Wikipedia editors who are fans of particular topics have created lists of sources that are structured similarly to RSP but focus on their specific topic area, such as video games. These lists are maintained by WikiProjects that evaluate sources using both Wikipedia's reliability guidelines and supplemental subject-related criteria created by the WikiProjects themselves. When a niche source that is designated as "reliable" in a topic-focused list receives sufficient attention, the source is added to RSP and listed alongside mainstream generalist sources.

== Reception ==
While the debates are public and archived, critics have said it is not clear who the volunteer editors are and how they are vetted.

In 2020, Omer Benjakob of Haaretz stated that with RSP, "Wikipedia offers greater transparency and a much better model for fighting disinformation than any social media platform has yet to do, simply by building a community of fact-checkers dedicated to keeping the site accurate". In 2025, Stephen Harrison of Slate said, "Contrary to sensationalist media coverage, decisions made by the Wikipedia community tend to be carefully considered... While headlines suggested that Wikipedia had completely banned the ADL, the actual decision makes clear that the organization can still be used as a source in certain contexts outside the Israeli–Palestinian conflict." He added, "To be fair, the Wikipedia community could do a better job of explaining why advocacy organizations are not always considered reliable sources based on the context; however, that is a complex discussion that's not easily contained within a tweet."
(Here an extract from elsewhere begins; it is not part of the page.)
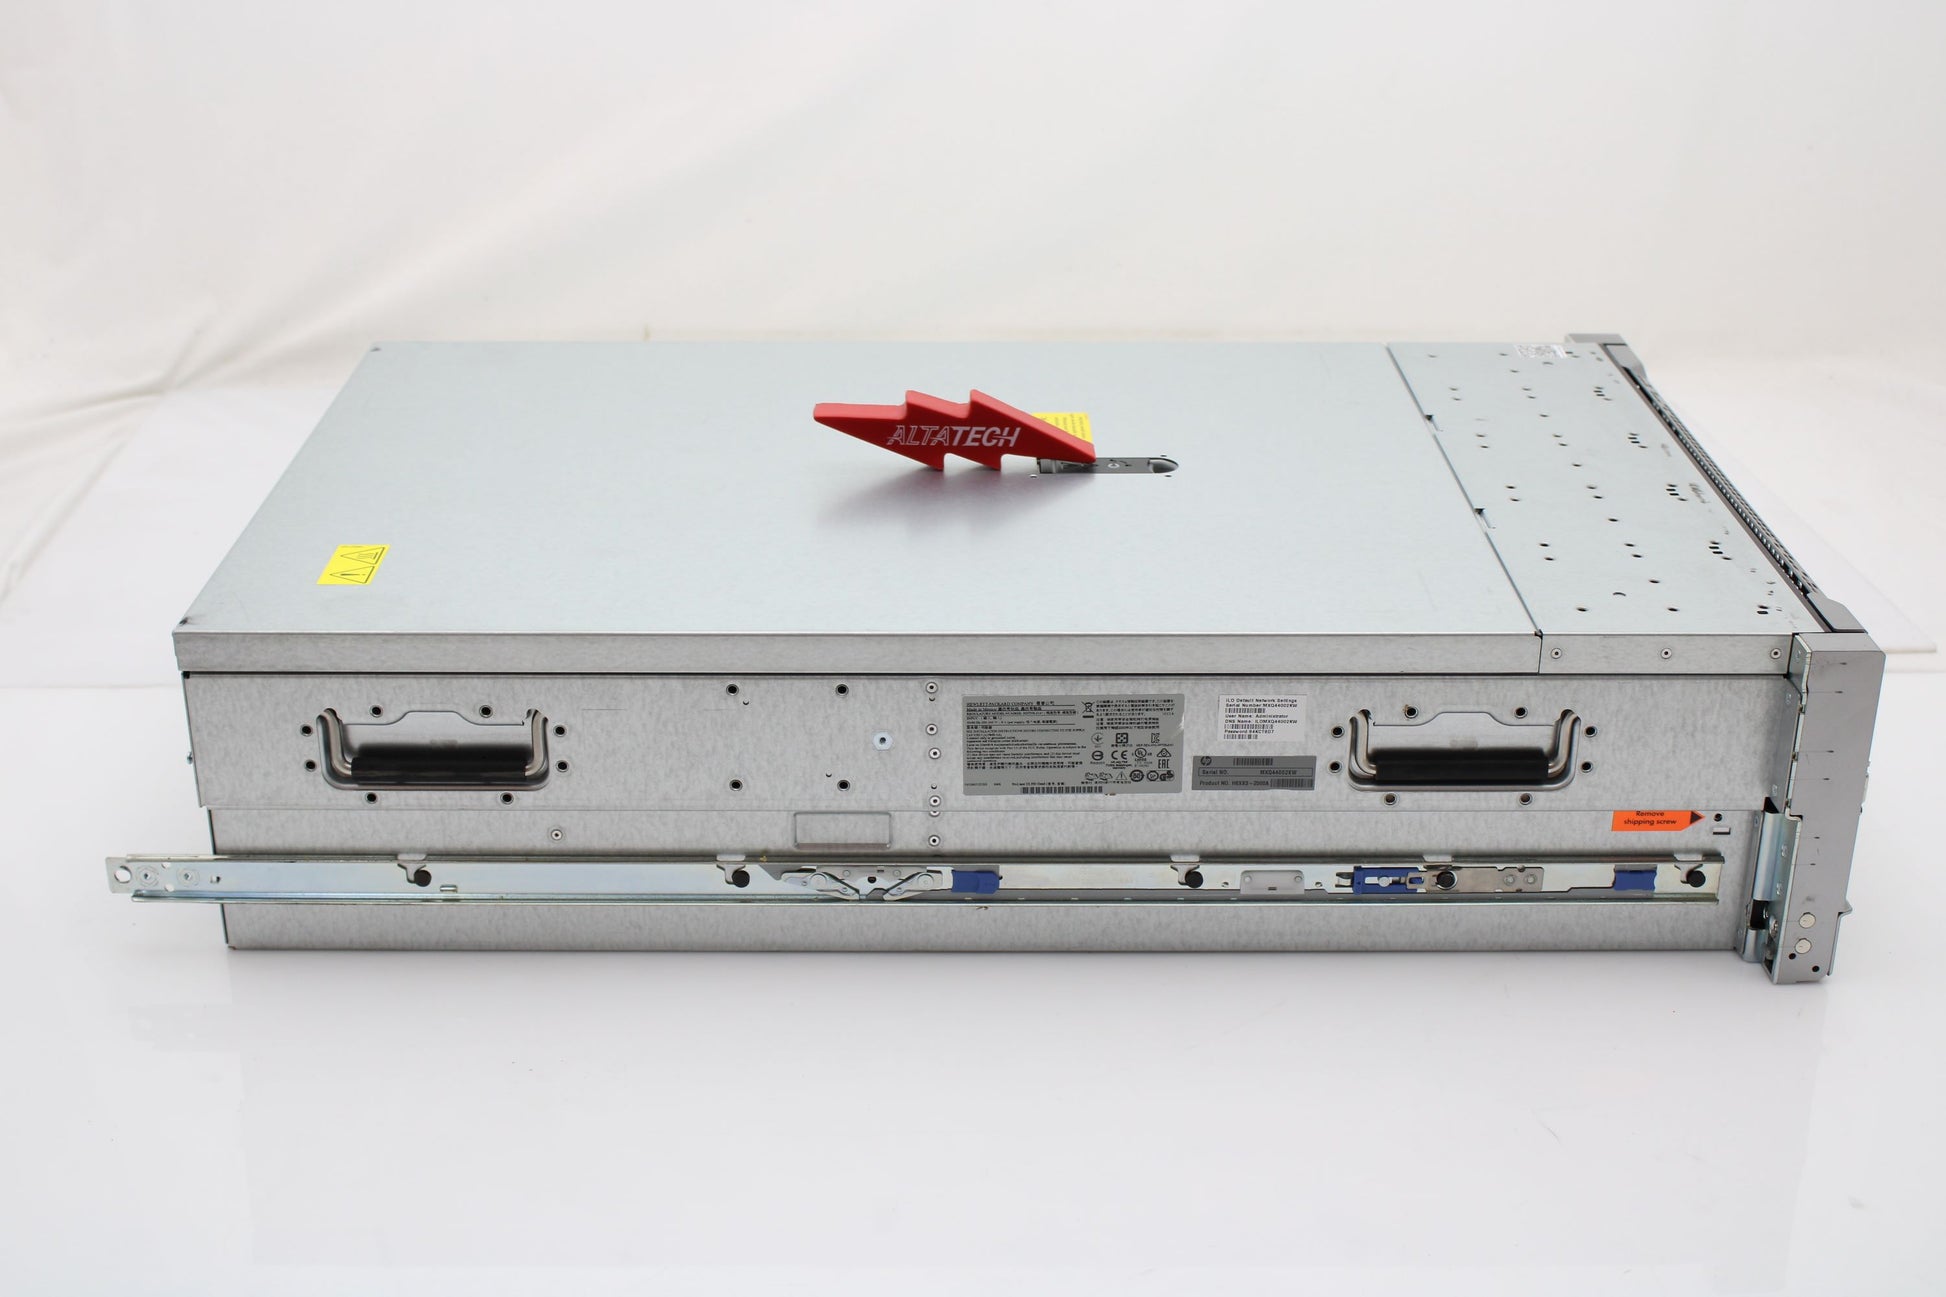 HP 728551-B21 ProLiant DL580 G8 5x SFF CTO Chassis, Used

In 2019, the decision by editors to deprecate outlets such as The Epoch Times, One America News Network, The Daily Caller, and The Gateway Pundit, which were pro-Donald Trump, intensified claims by the American right that Wikipedia has a liberal bias. In September 2024, Ashley Rindsberg criticized the list as the "creation of a single influential editor". In 2025, the list was criticized by American conservative group Media Research Center (MRC) as a blacklist with a bias against conservative outlets; the MRC was cited in a New York Post editorial titled "Big Tech must block Wikipedia until it stops censoring and pushing disinformation". Ari Paul of ScheerPost commented, "the fact that the [New York Post] implies only right-wing sources are listed is an indication that its reputation as 'generally unreliable for factual reporting' is well-deserved."